Но без Сюртэ Париж показался бы слишком опереточным. Эта машина, чье постоянное и несколько хаотичное движение заметно было только изнутри, поразила меня, и только там я понял, что в значительной мере движет огромным городом, чем он живет. Без своего постоянного провожатого я, пожалуй, потерялся бы здесь, сел бы в уголку и безо всякого толку смотрел бы на деловитых людей, снующих туда-сюда. Но мой провожатый, инспектор Оливье Дельпьер, старался сделать пребывание русского максимально полезным и удобным. Он объяснял, чем занят тот или иной чиновник, рассказывал о самых примечательных и известных из них, вспоминал занятные и ужасные случаи из практики… Походя Дельпьер указал мне на худого, болезненного вида человечка, корпевшего у маленького оконца над ворохом толстых тетрадей.

– Это Альфонс Бертильон, – сказал он с несколько грустной улыбкою, как говорят о деревенском юродивом, который жалок, но и смешон. – Наш местный чудак.

– Бертильон? – переспросил я. – Позвольте, не родственник ли он мсье Луи-Адольфу Бертильону?

– Да-да, это сын почтенного вице-президента Парижского антропологического общества.

– Я более знаком с Бертильоном-старшим по его трудам о статистике, нежели как с ученым-антропологом… Однако почему вы улыбаетесь?

– Будучи всего-навсего чиновником двадцатого класса, мсье Бертильон отчего-то вообразил, что совершит революцию в полицейском деле.
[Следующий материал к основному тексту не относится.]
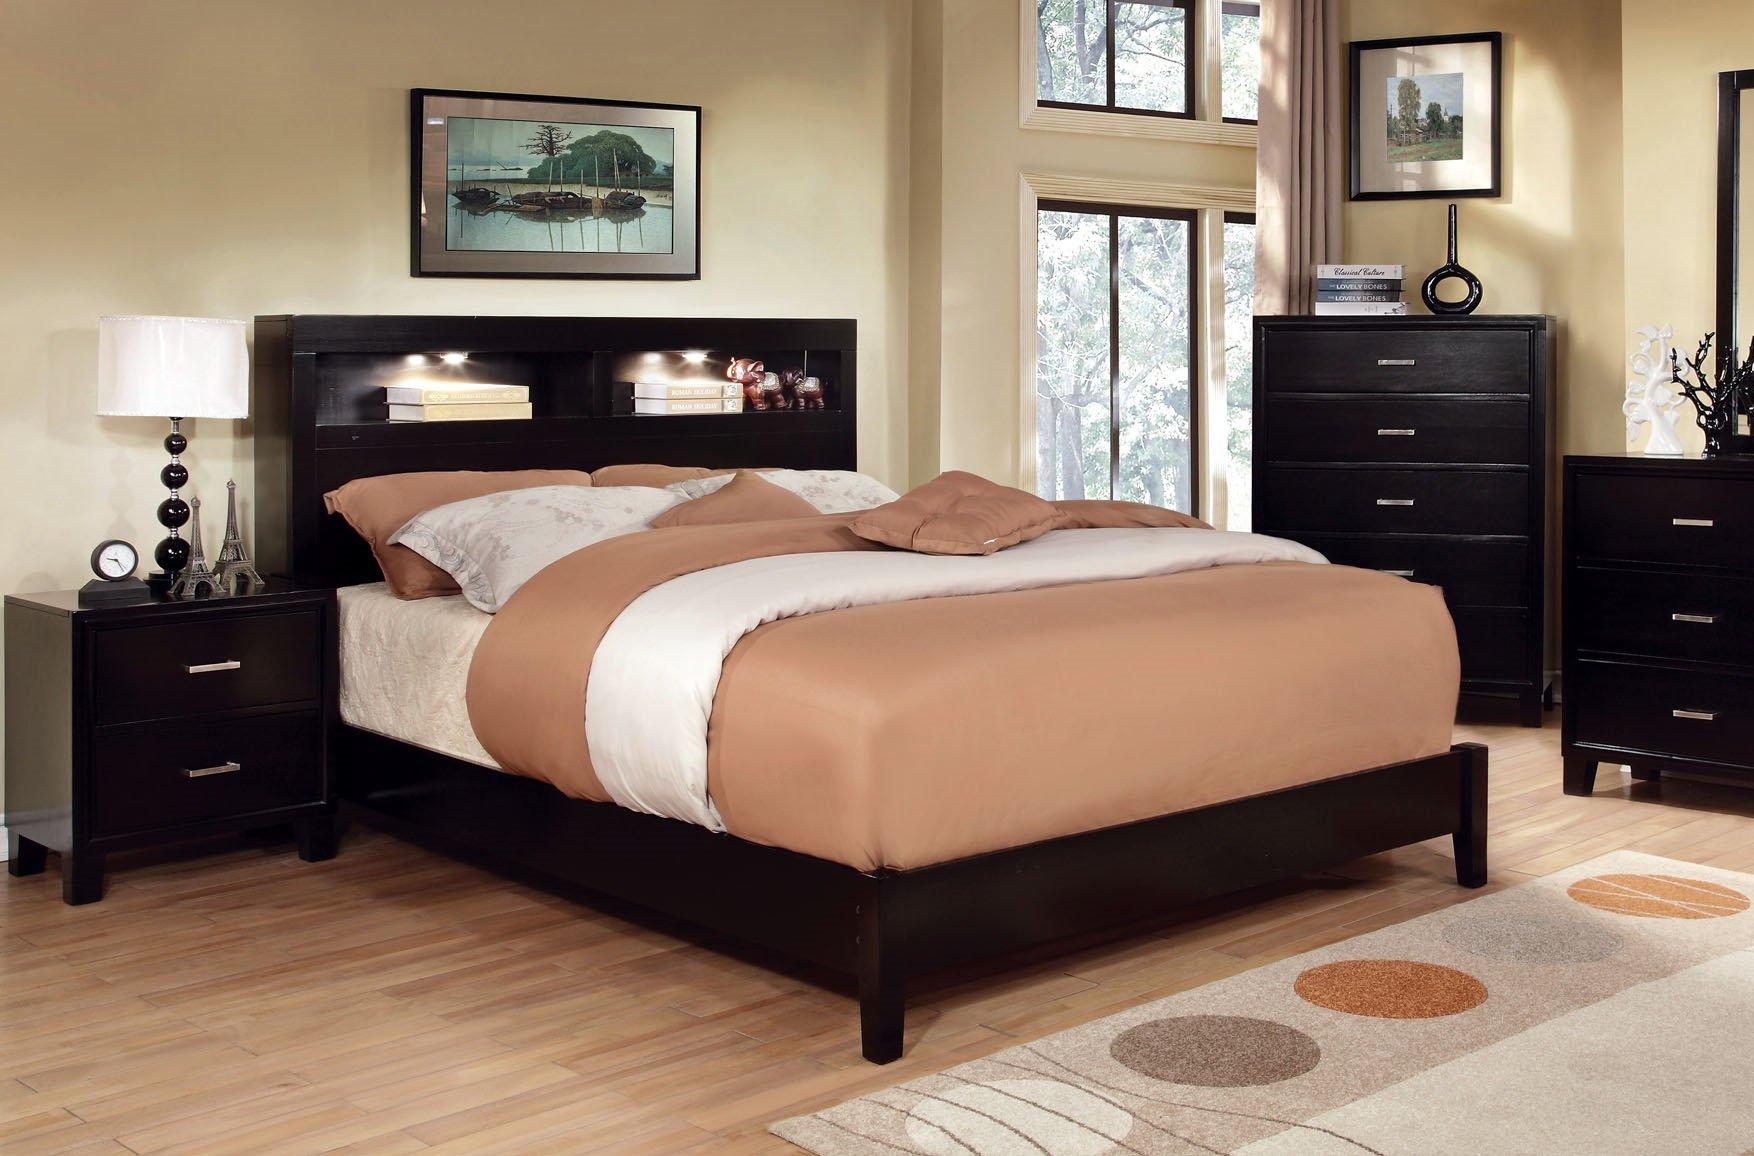 Furniture of America Metro Platform Bed with Bookcase Headboard and Light Design, California King, Espresso
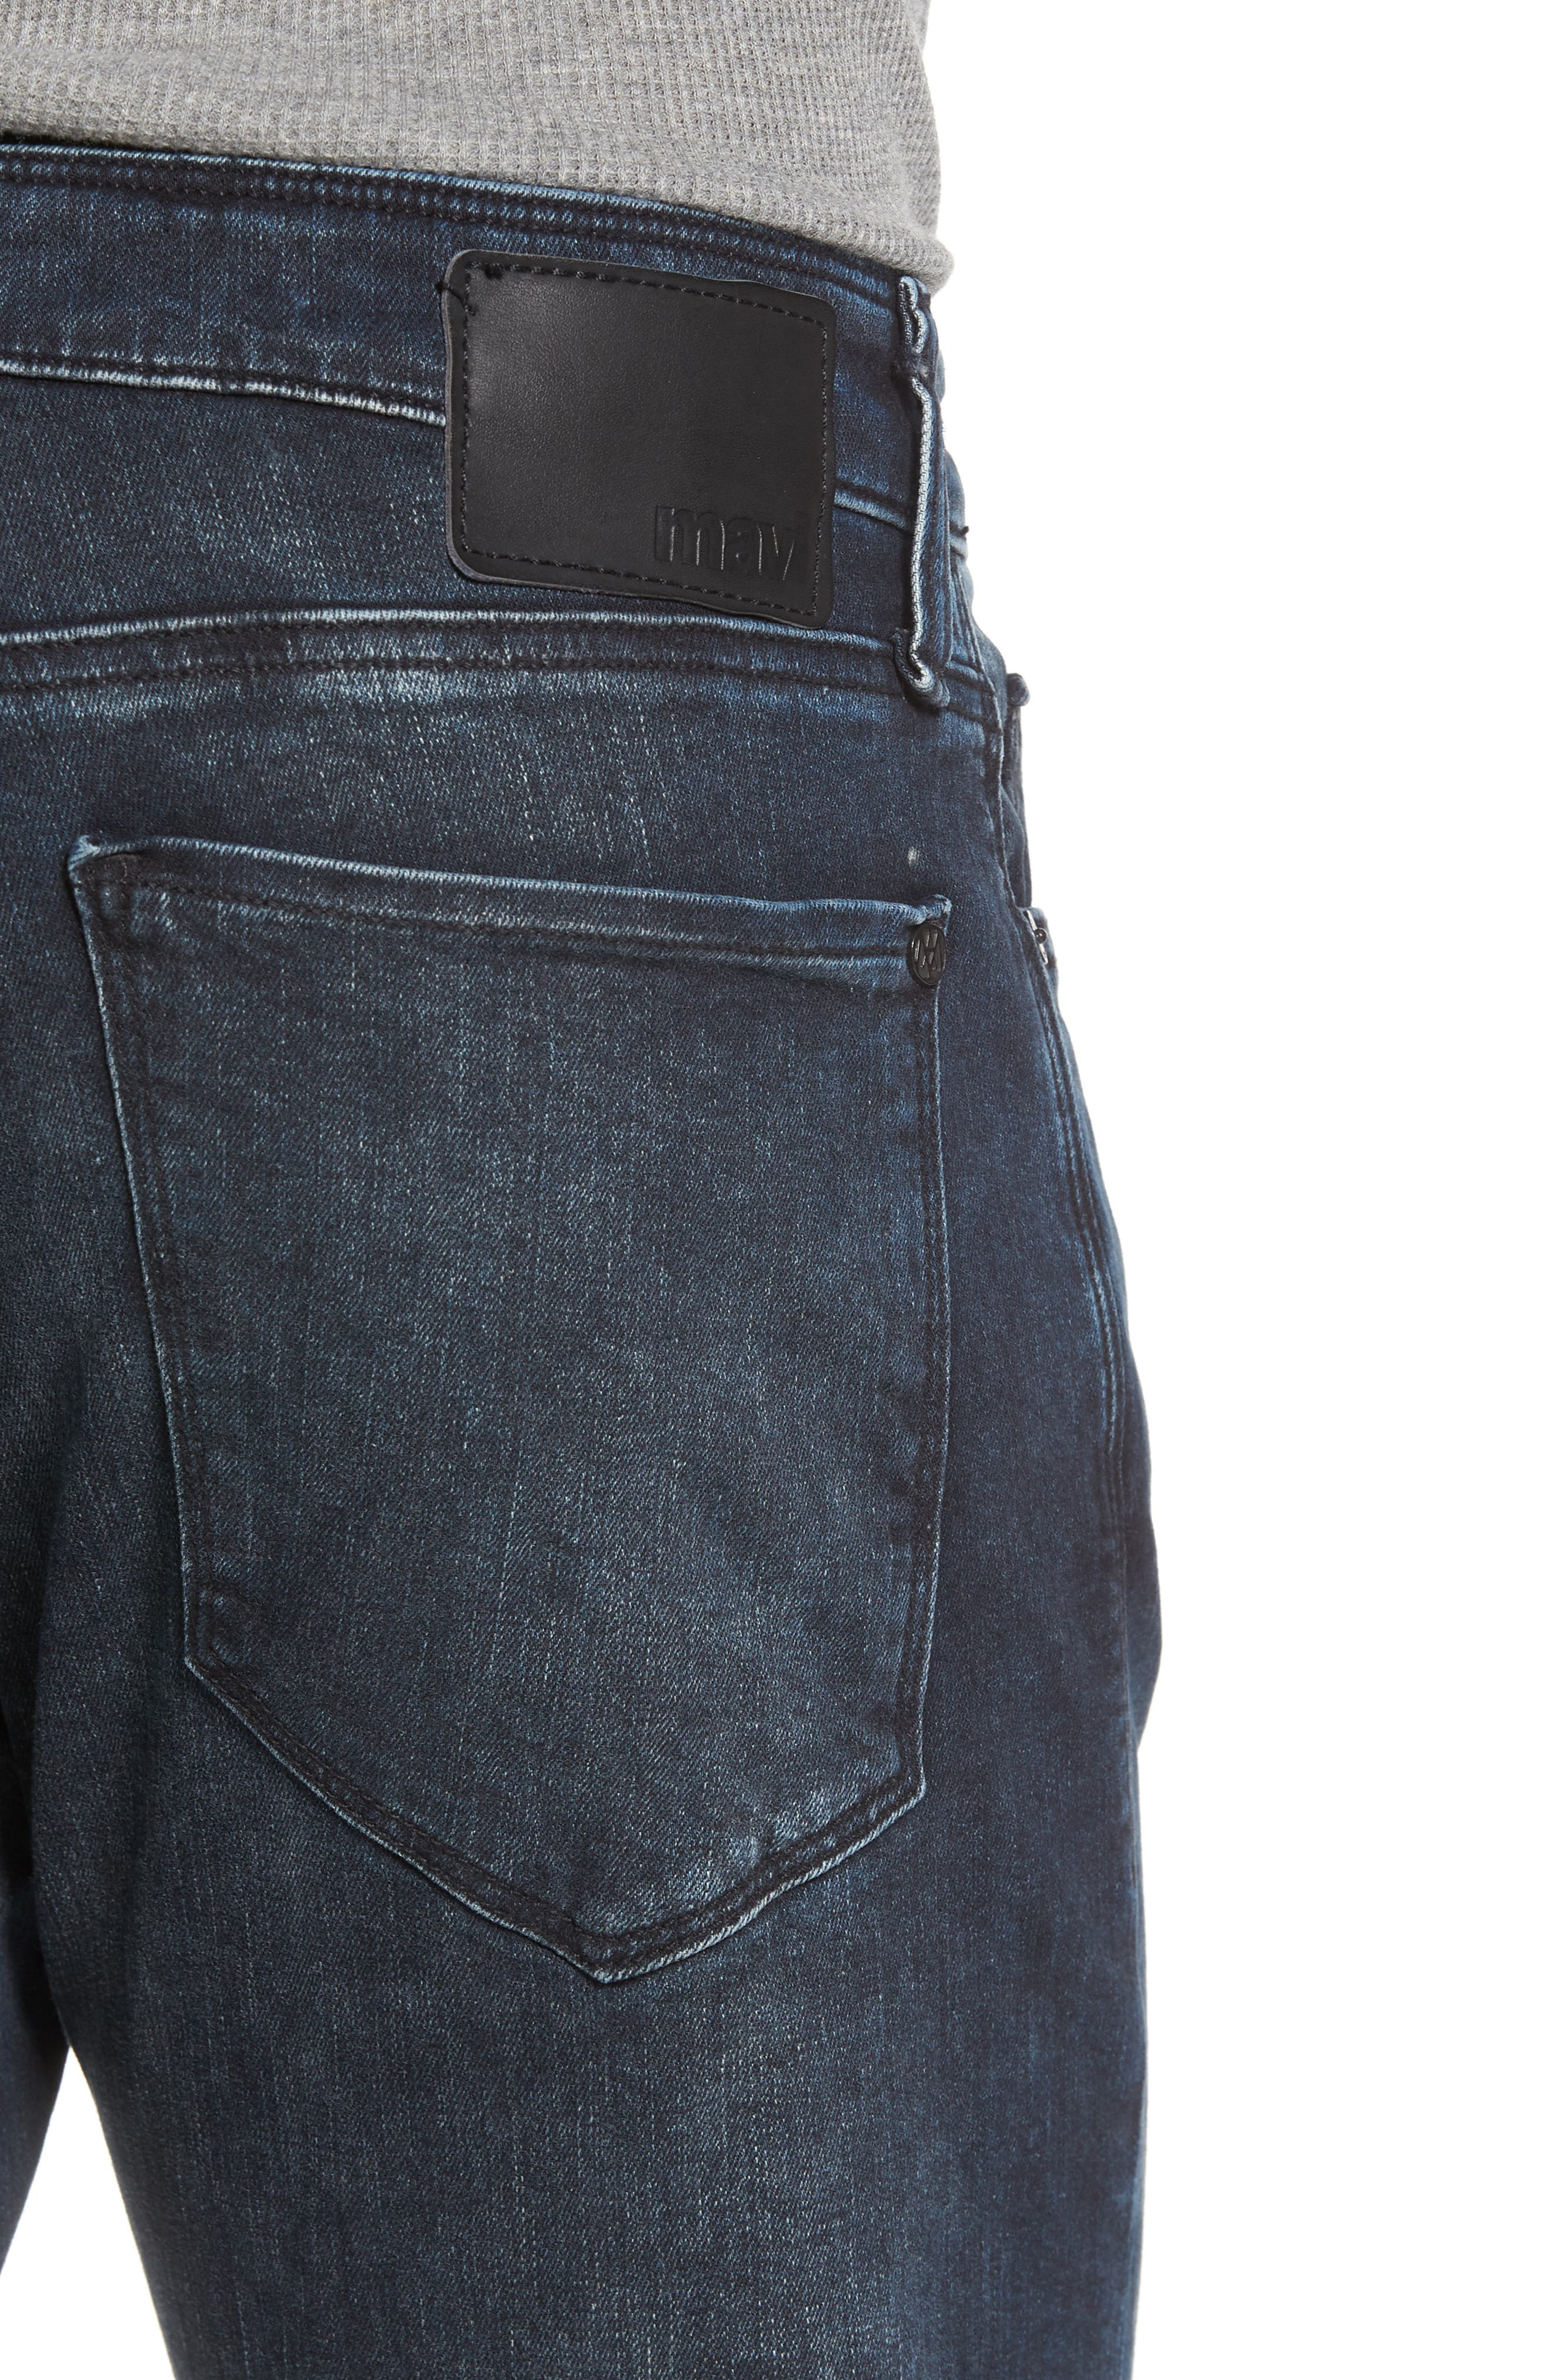 Jake Slim Fit Jeans,                             Alternate thumbnail 4, color,                             Ink Used Authentic Vintage

У него есть некоторые идеи, воплощением которых Бертильон и занимается – на мой взгляд, в ущерб своей основной работе, – сказал Дельпьер с пренебрежительной миной. – Иногда появляется юноша, который мнит себя новым Видоком. Я много таких повидал.

– И что за идеи выдвигает мсье Бертильон?

– Мсье Рязанов, я не вникал… Что-то насчет измерения человеческих пропорций. По-моему, все это глупость. Если вам интересно, поговорите с самим Бертильоном, он будет счастлив обрести слушателя – после того, как уже успел надоесть всем и даже нажил пару серьезных врагов.